== What the task asks ==
Repeat the data in full. Drop every picture.

== Information provided ==
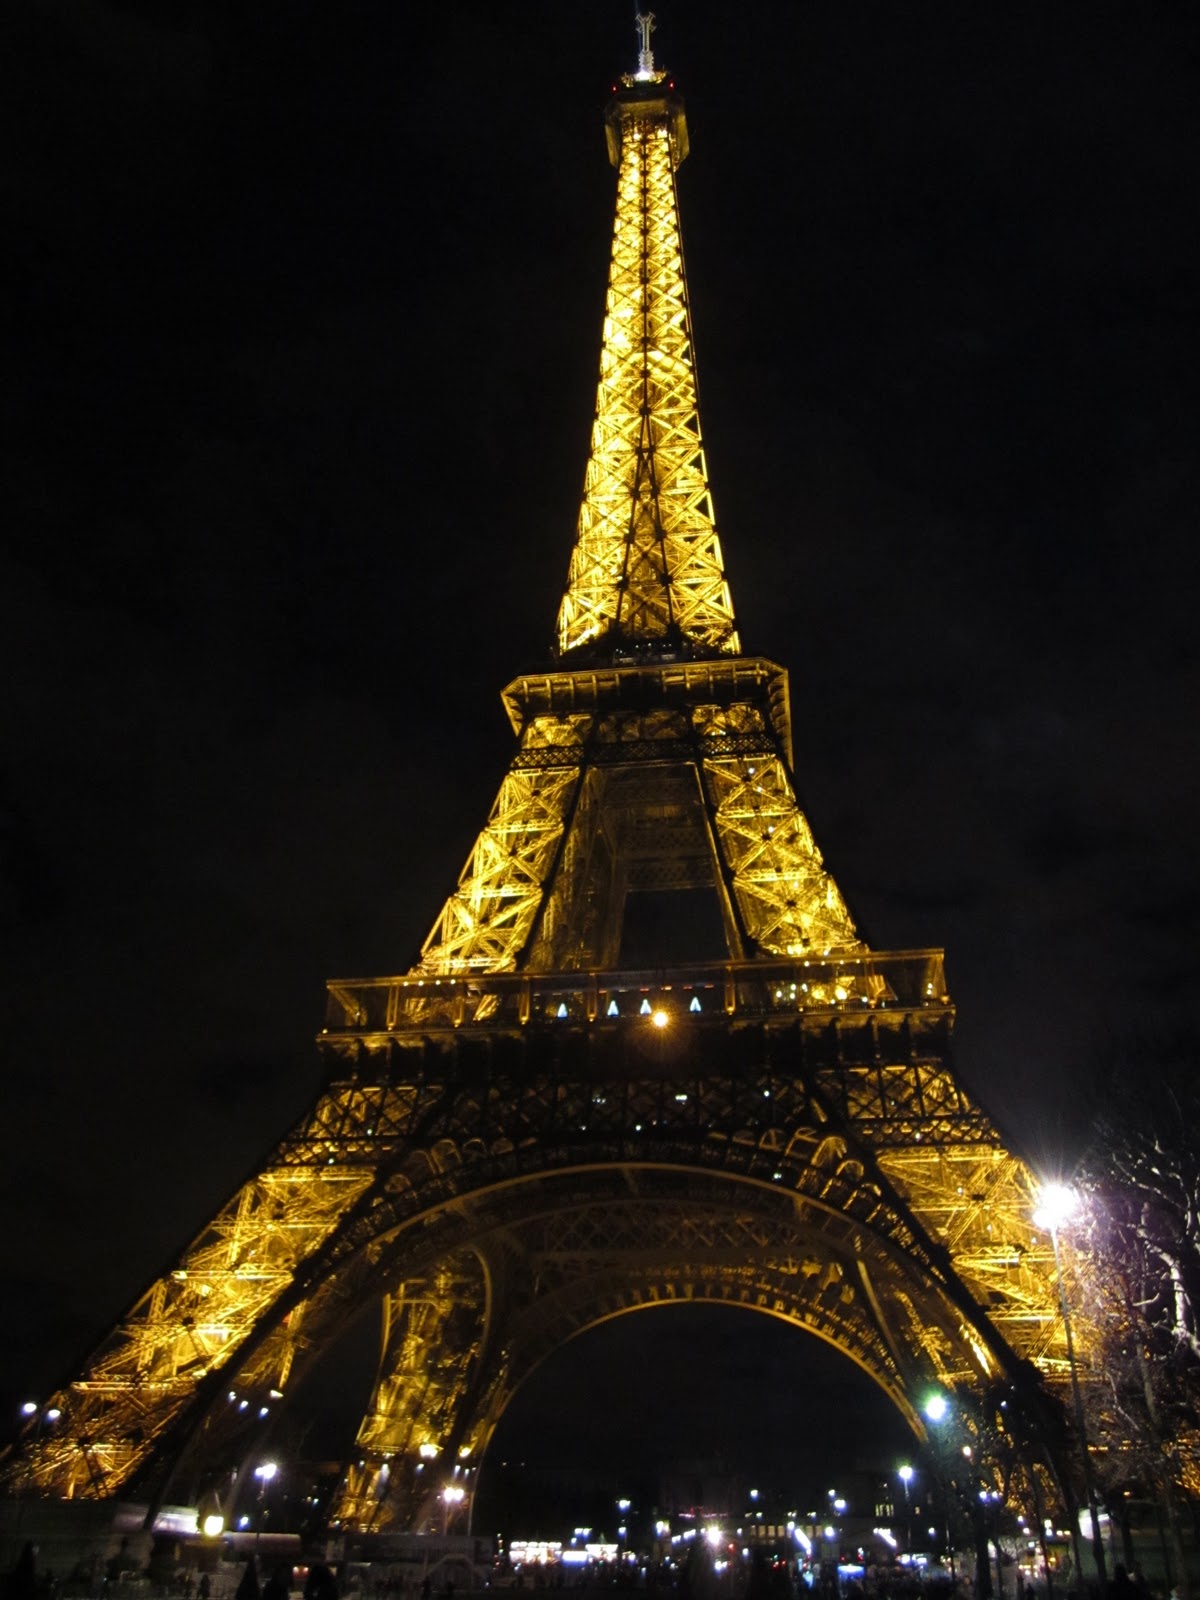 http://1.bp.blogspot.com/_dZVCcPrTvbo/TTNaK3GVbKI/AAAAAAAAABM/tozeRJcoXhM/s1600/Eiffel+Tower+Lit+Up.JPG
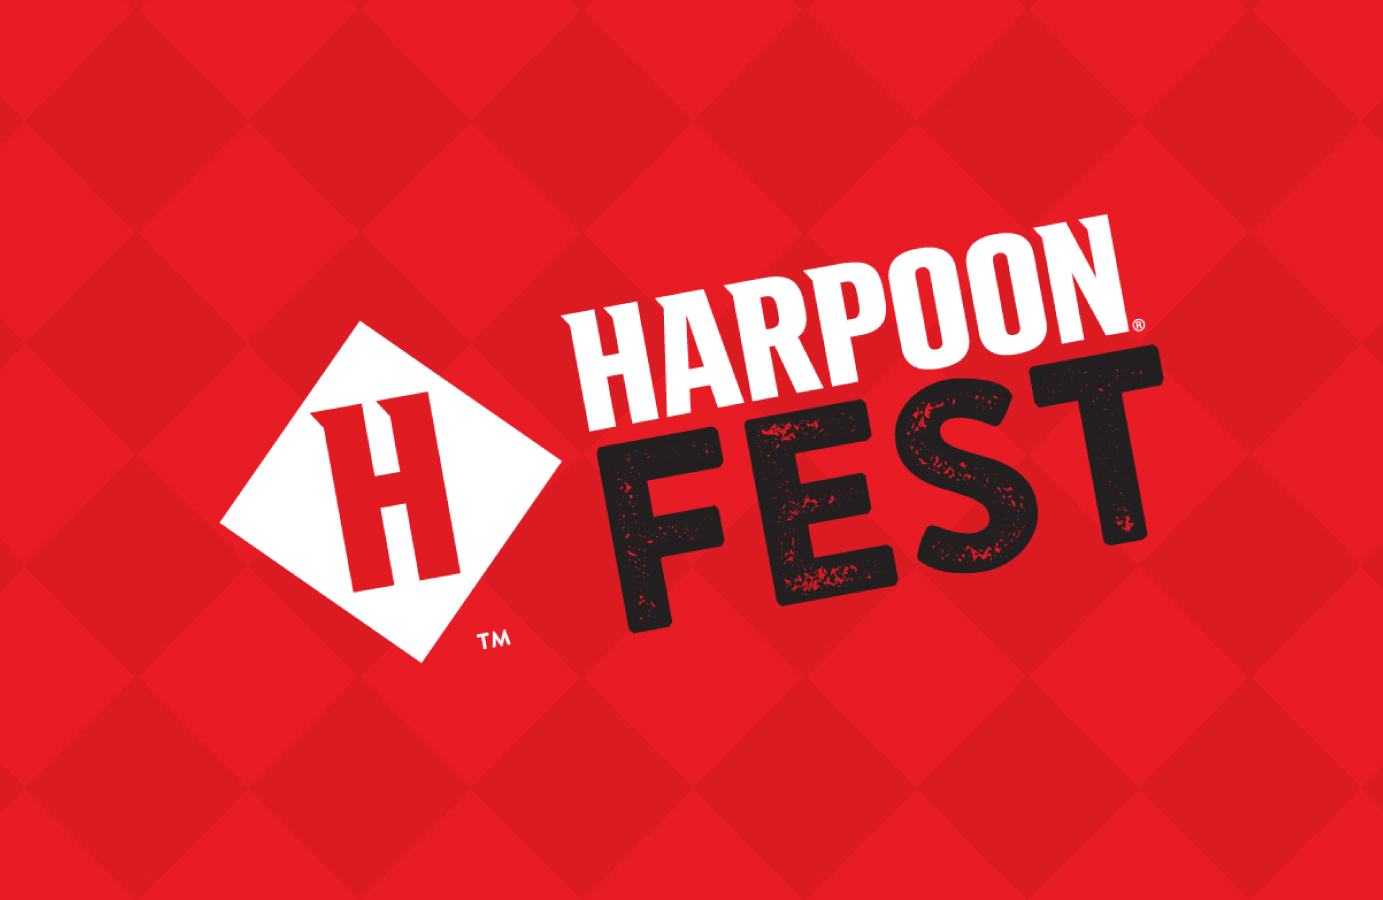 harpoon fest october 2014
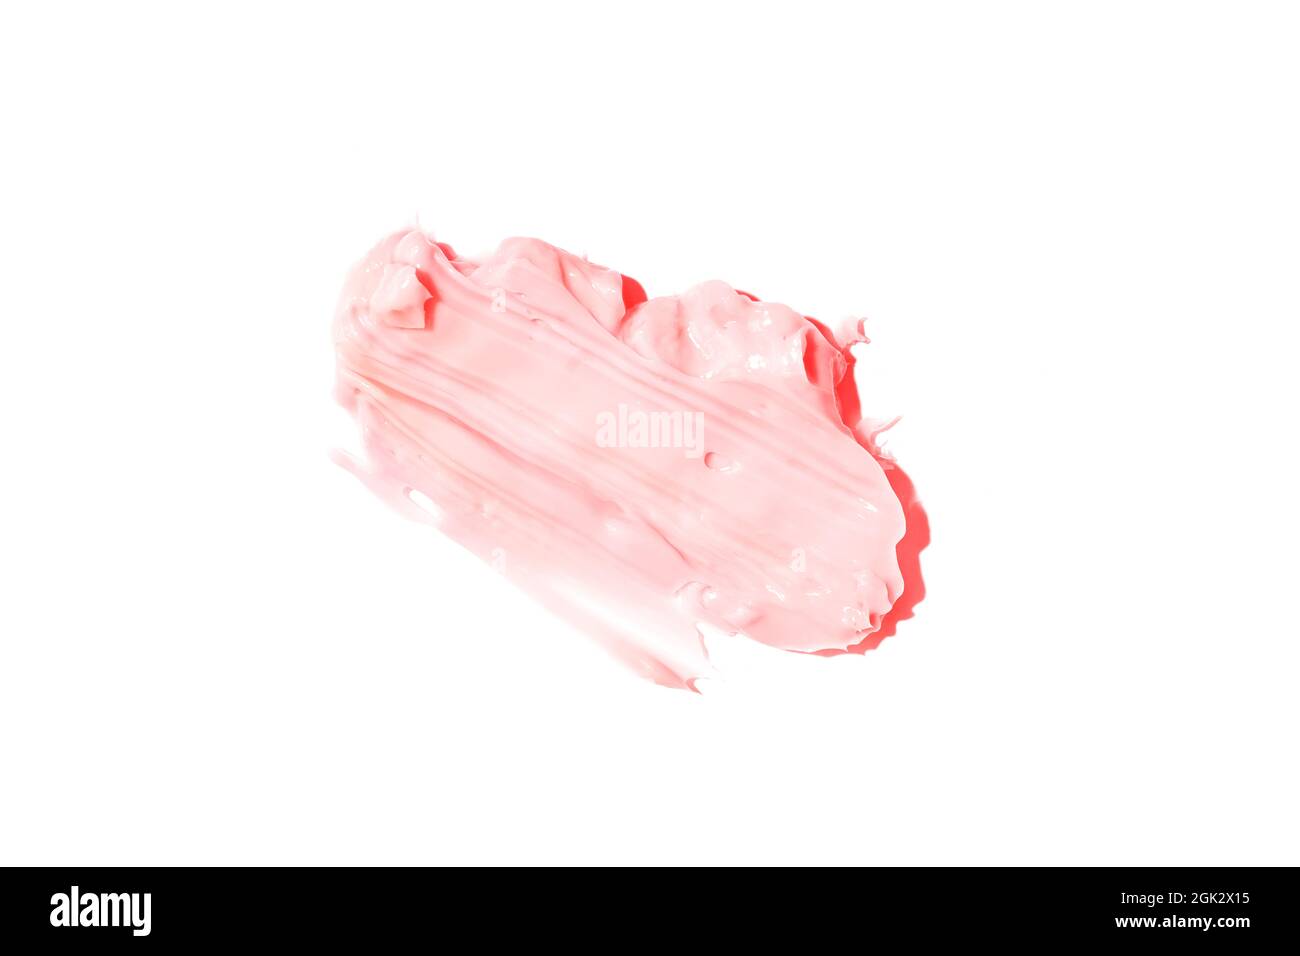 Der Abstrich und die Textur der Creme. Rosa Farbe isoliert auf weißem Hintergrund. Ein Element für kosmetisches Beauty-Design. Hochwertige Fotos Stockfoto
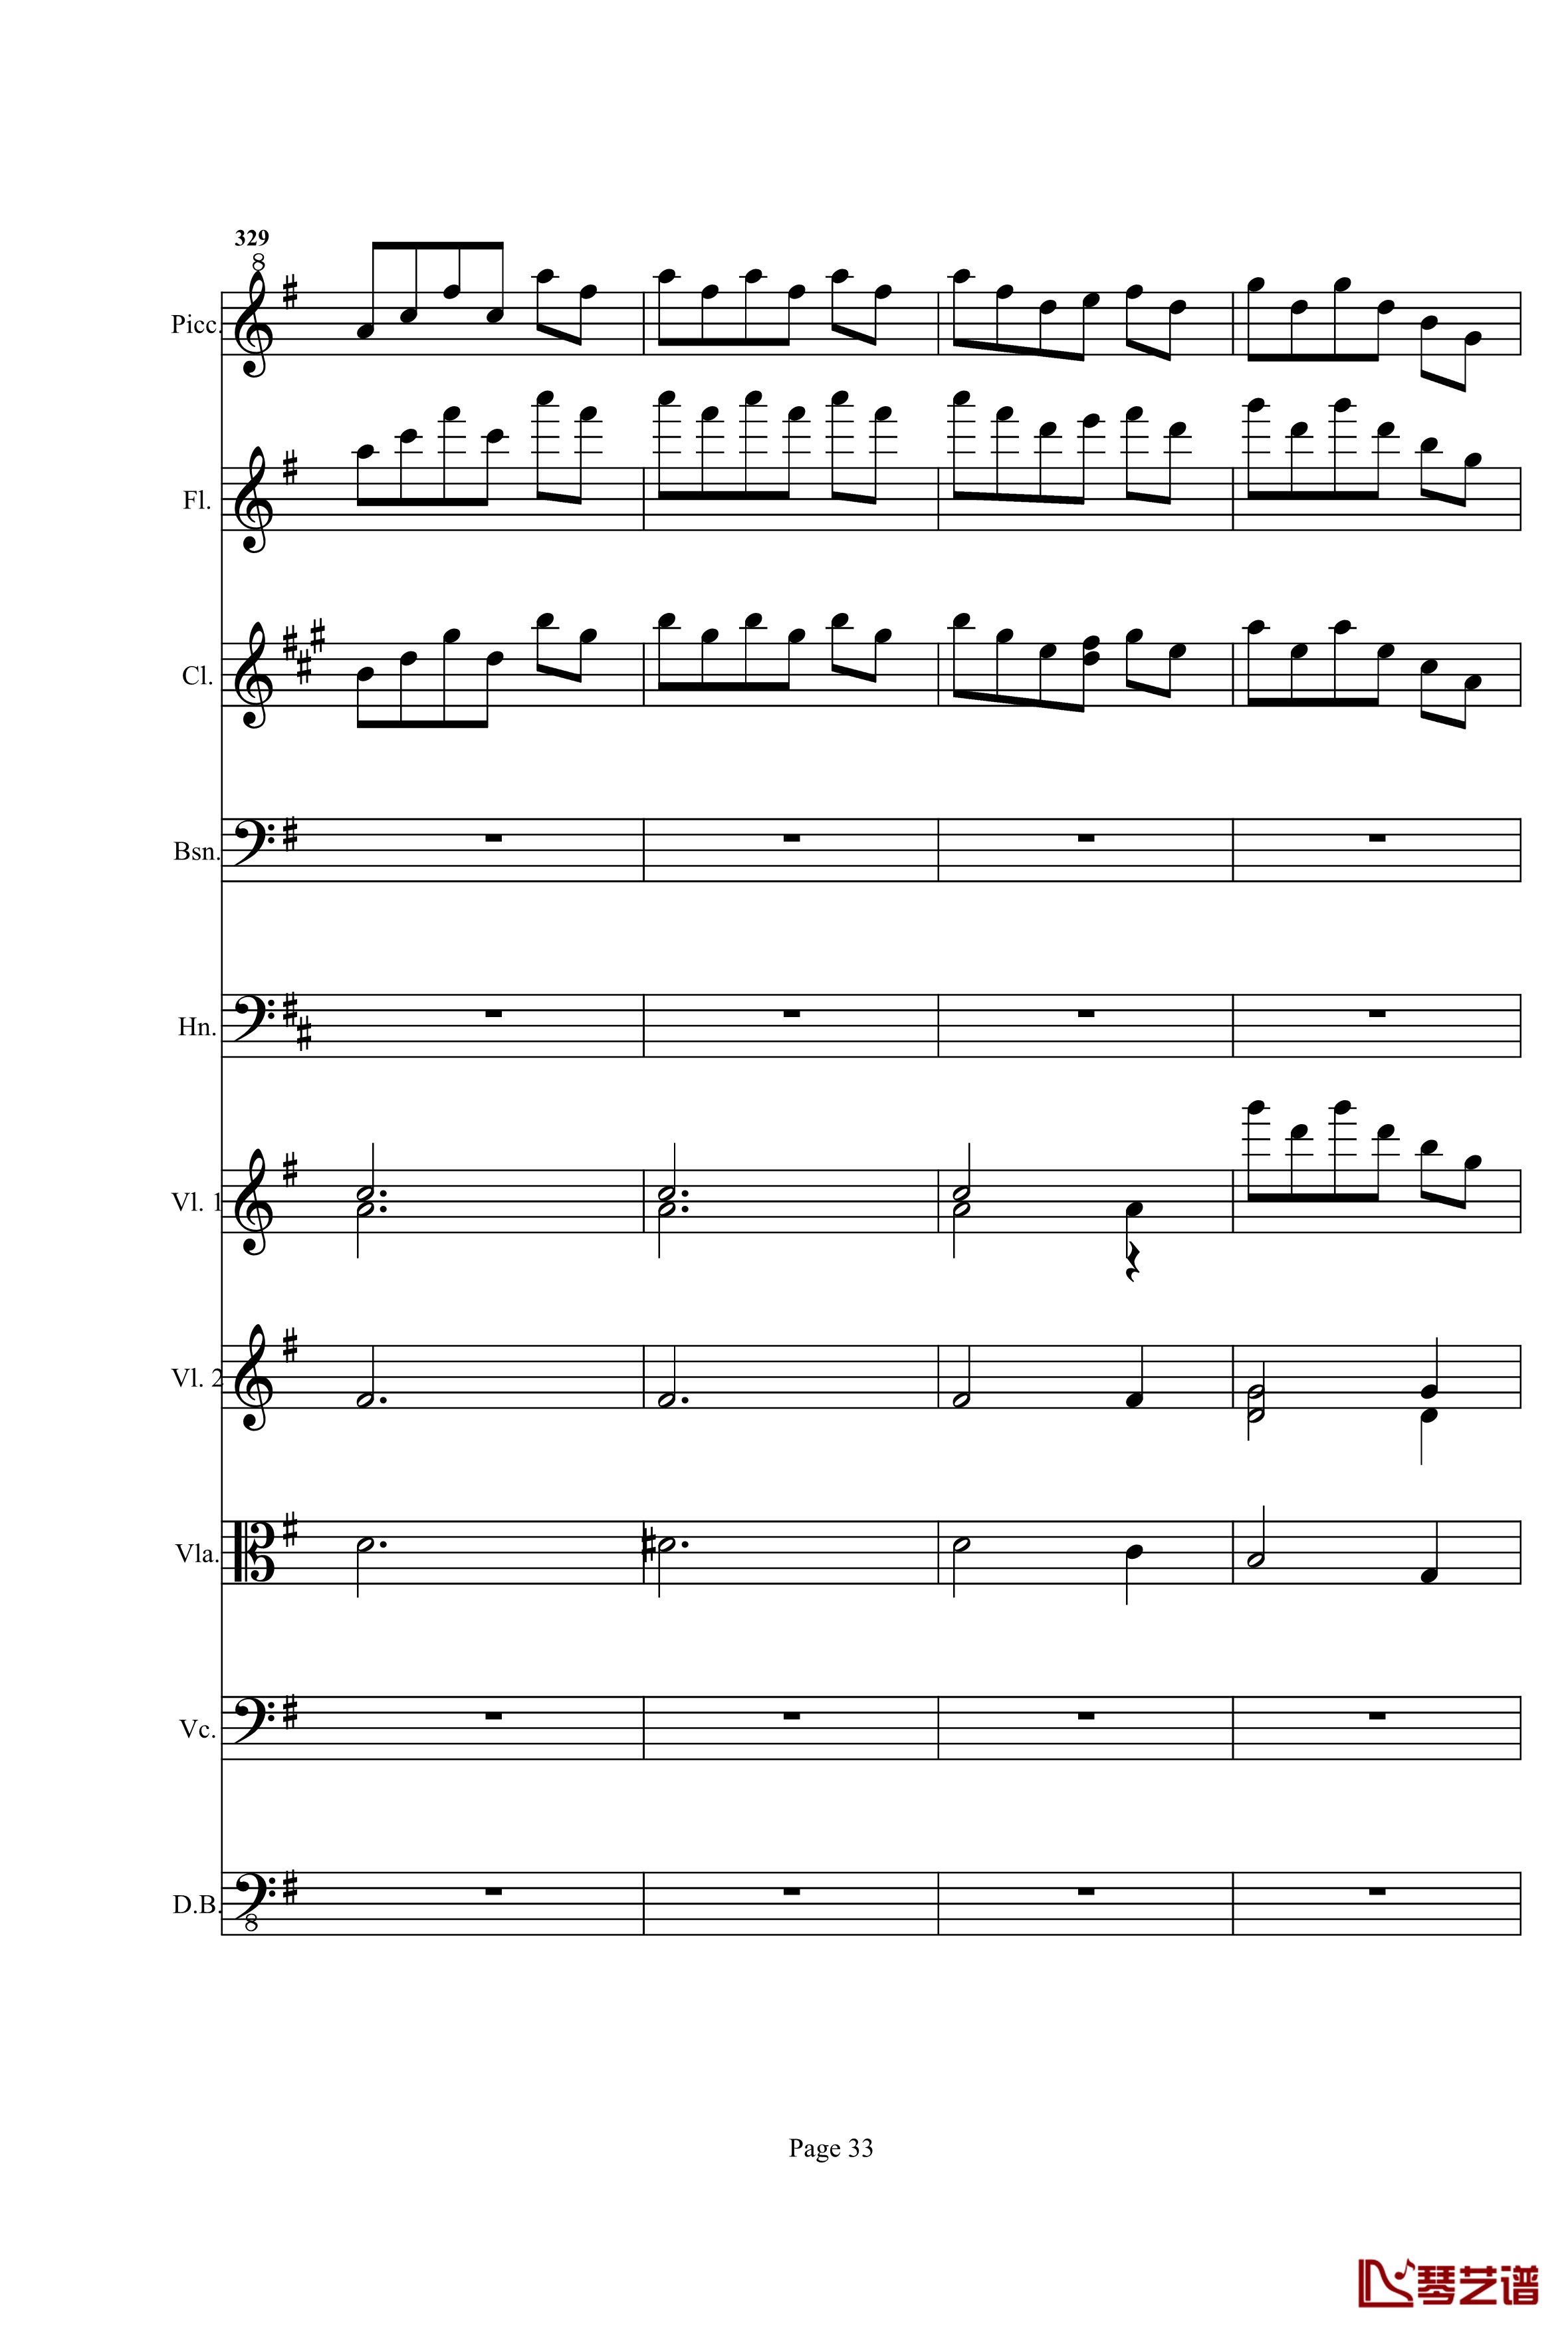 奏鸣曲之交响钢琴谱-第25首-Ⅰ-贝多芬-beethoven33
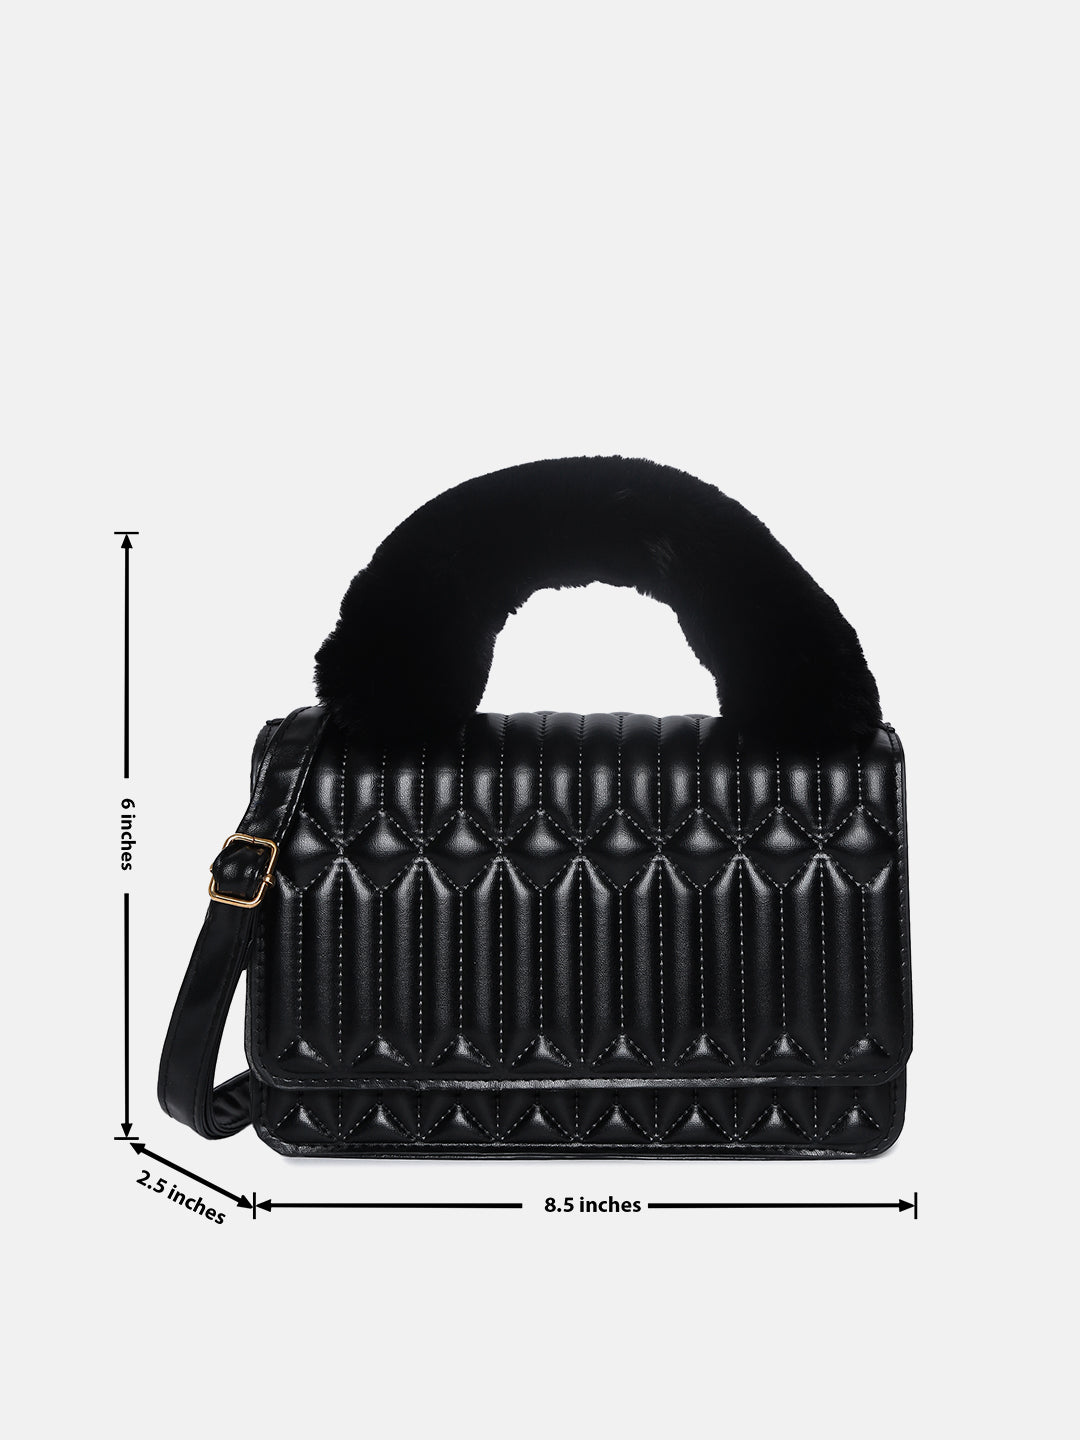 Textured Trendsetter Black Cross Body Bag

== Written solution ==
 http://1.bp.blogspot.com/_dZVCcPrTvbo/TTNaK3GVbKI/AAAAAAAAABM/tozeRJcoXhM/s1600/Eiffel+Tower+Lit+Up.JPG
 harpoon fest october 2014
 Der Abstrich und die Textur der Creme. Rosa Farbe isoliert auf weißem Hintergrund. Ein Element für kosmetisches Beauty-Design. Hochwertige Fotos Stockfoto
 奏鸣曲之交响钢琴谱-第25首-Ⅰ-贝多芬-beethoven33
 Textured Trendsetter Black Cross Body Bag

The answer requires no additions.